Cultural Policy is a quarterly magazine published by the Gyeonggi Cultural Foundation since the summer of 2017 with the purposes of identifying new trends in cultural policies at home and abroad, gathering the opinions of experts in relevant areas, and introducing the directions and contents of diverse cultural policies promoted by Gyeonggi Provincial Government and Gyeonggi Cultural Foundation.



Interview with Martin Fryer, Director of British Council in Korea



Reporter Cho Doo Won(CHO)   Could you give us brief introduction of the British Council Korea?

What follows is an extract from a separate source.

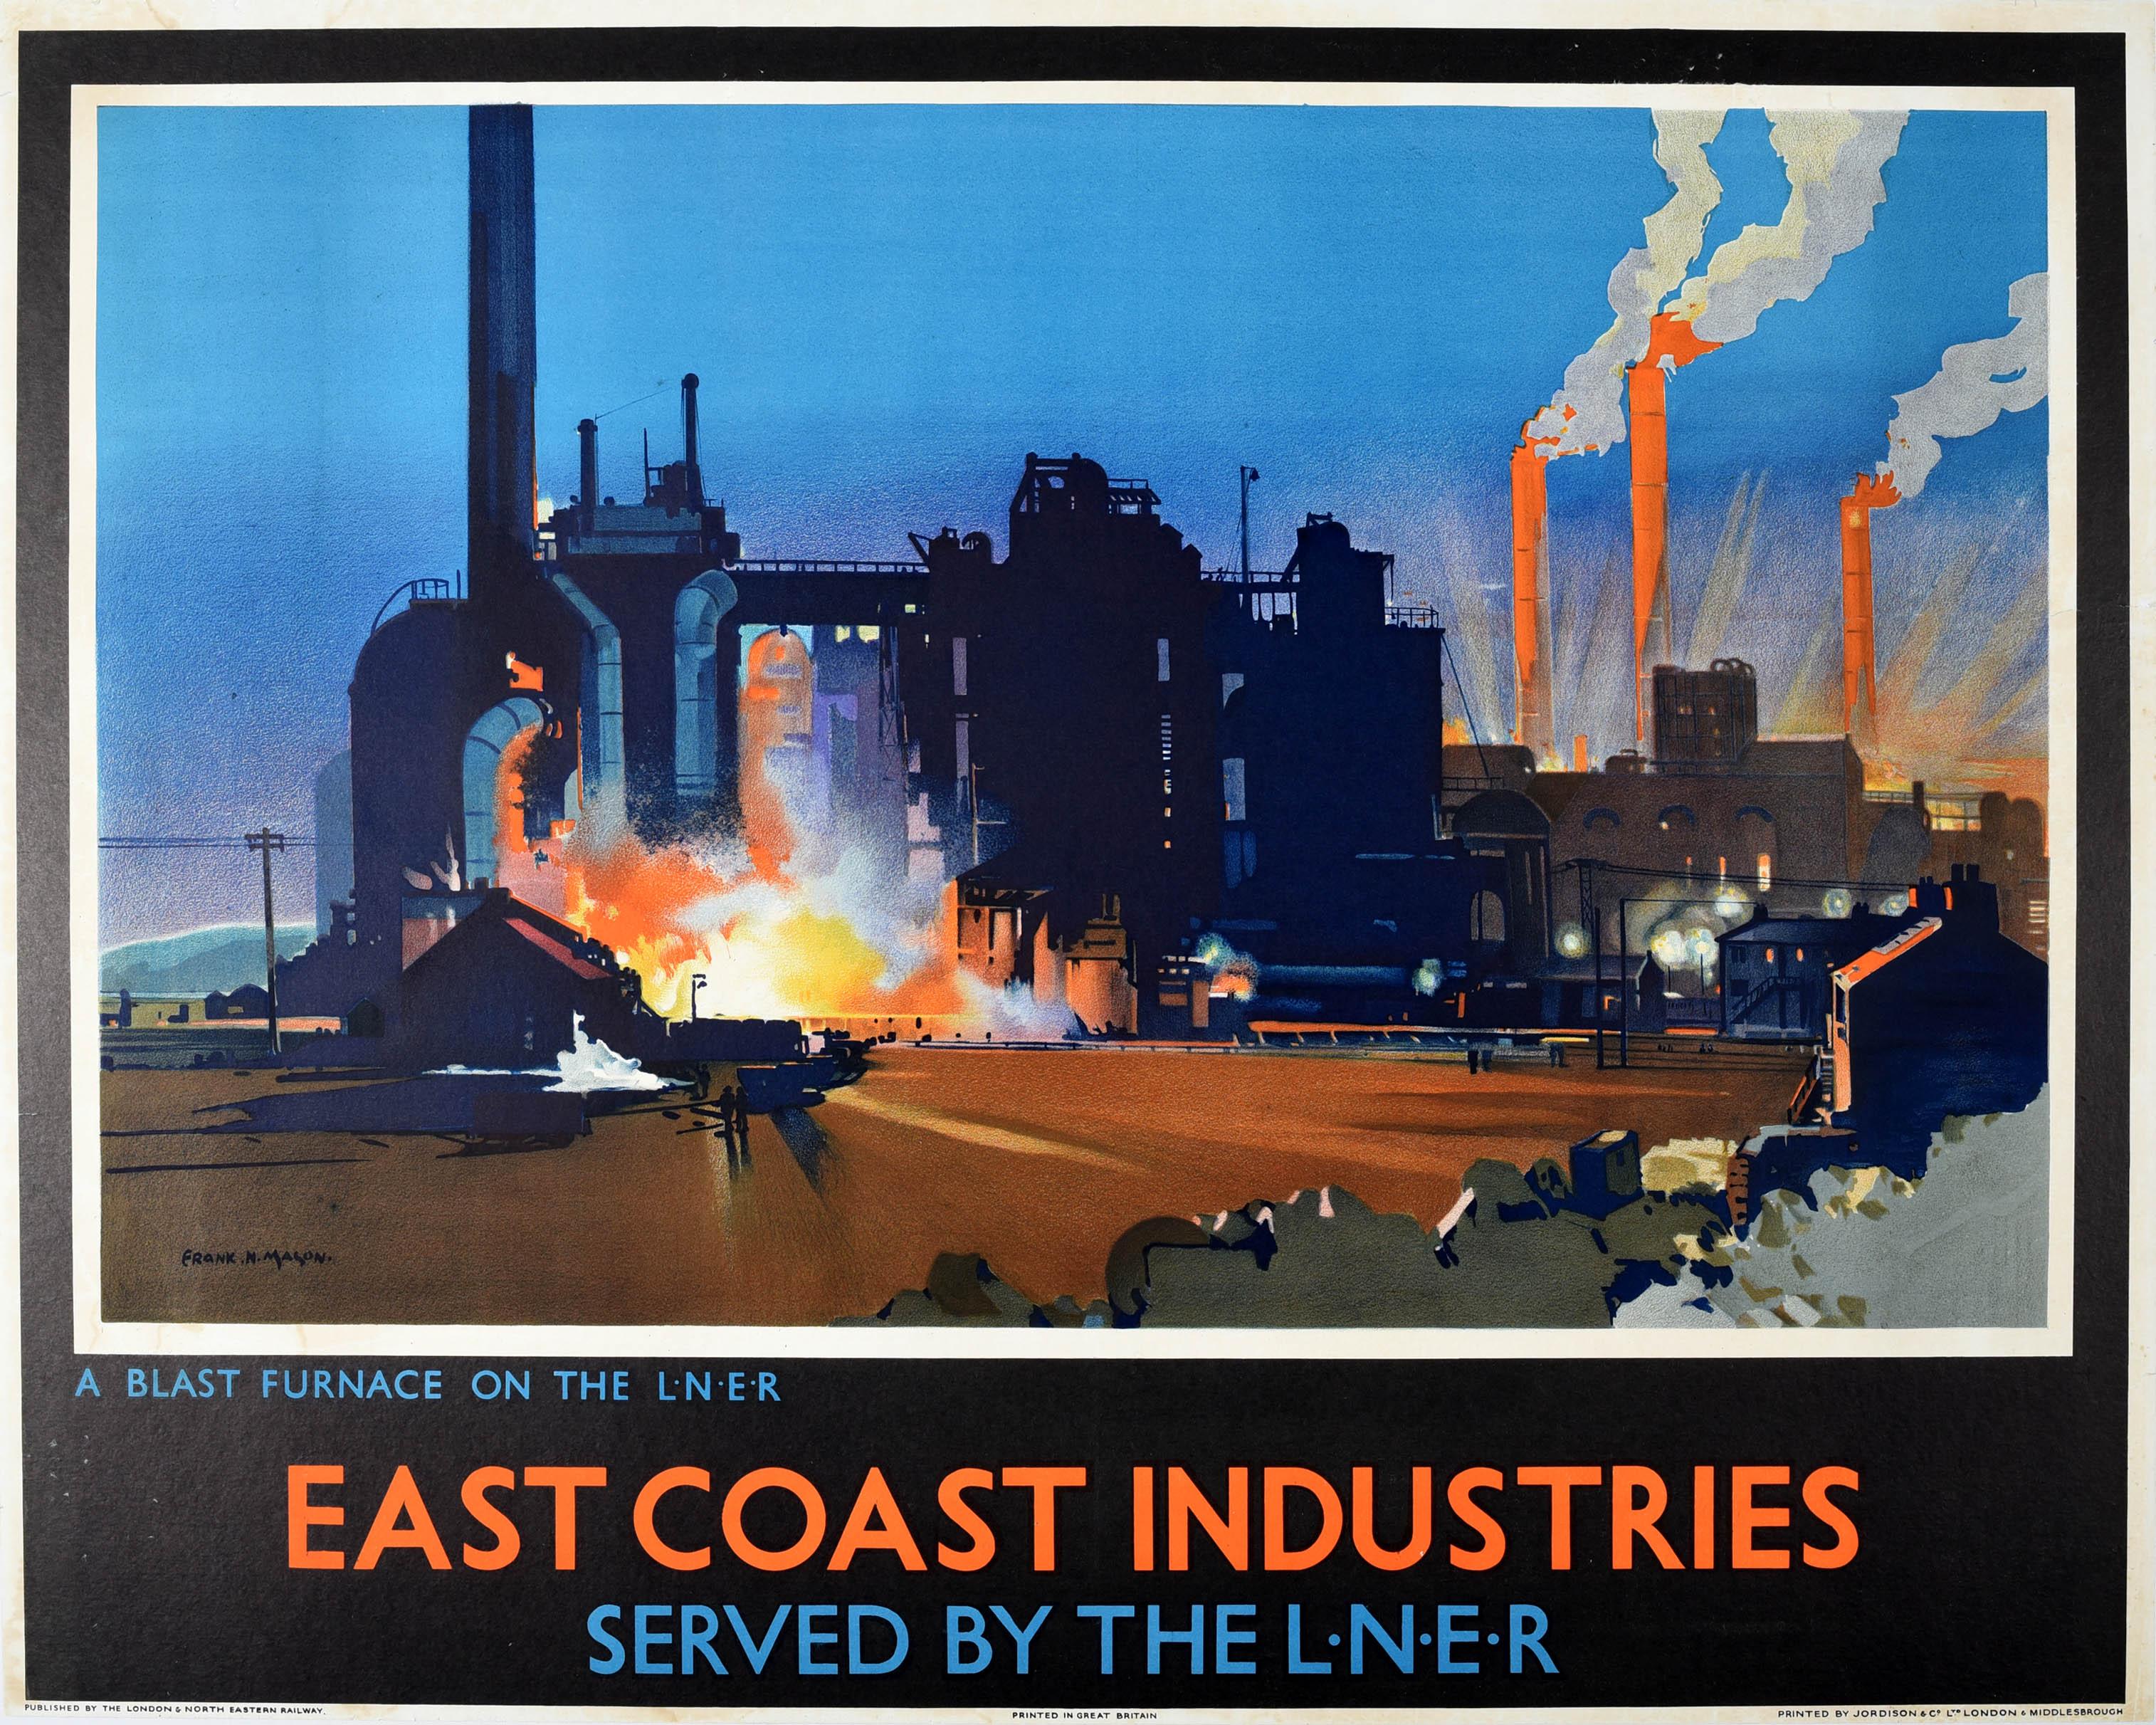 Frank Mason Print - Original Vintage Railway Poster East Coast Industries Blast Furnace On The LNER

Interviewee Martin Fryer (Fryer)   The British Council is a cultural relations organization. So we are working with Korean partners such as yourselves, the cultural foundations but also with other partners, We are working to create a better friendship, particularly in the area of English, the arts and society. We pursue closer relations between the UK and South Korea through cultural exchange programs that bring professionals together, but also through putting individuals who are learning English, or who are being tested for their English standards through language assessment, in the contact with British methodology, British ideas, and very importantly, British culture. We do that face to face with five thousand people here in Seoul through our six centers.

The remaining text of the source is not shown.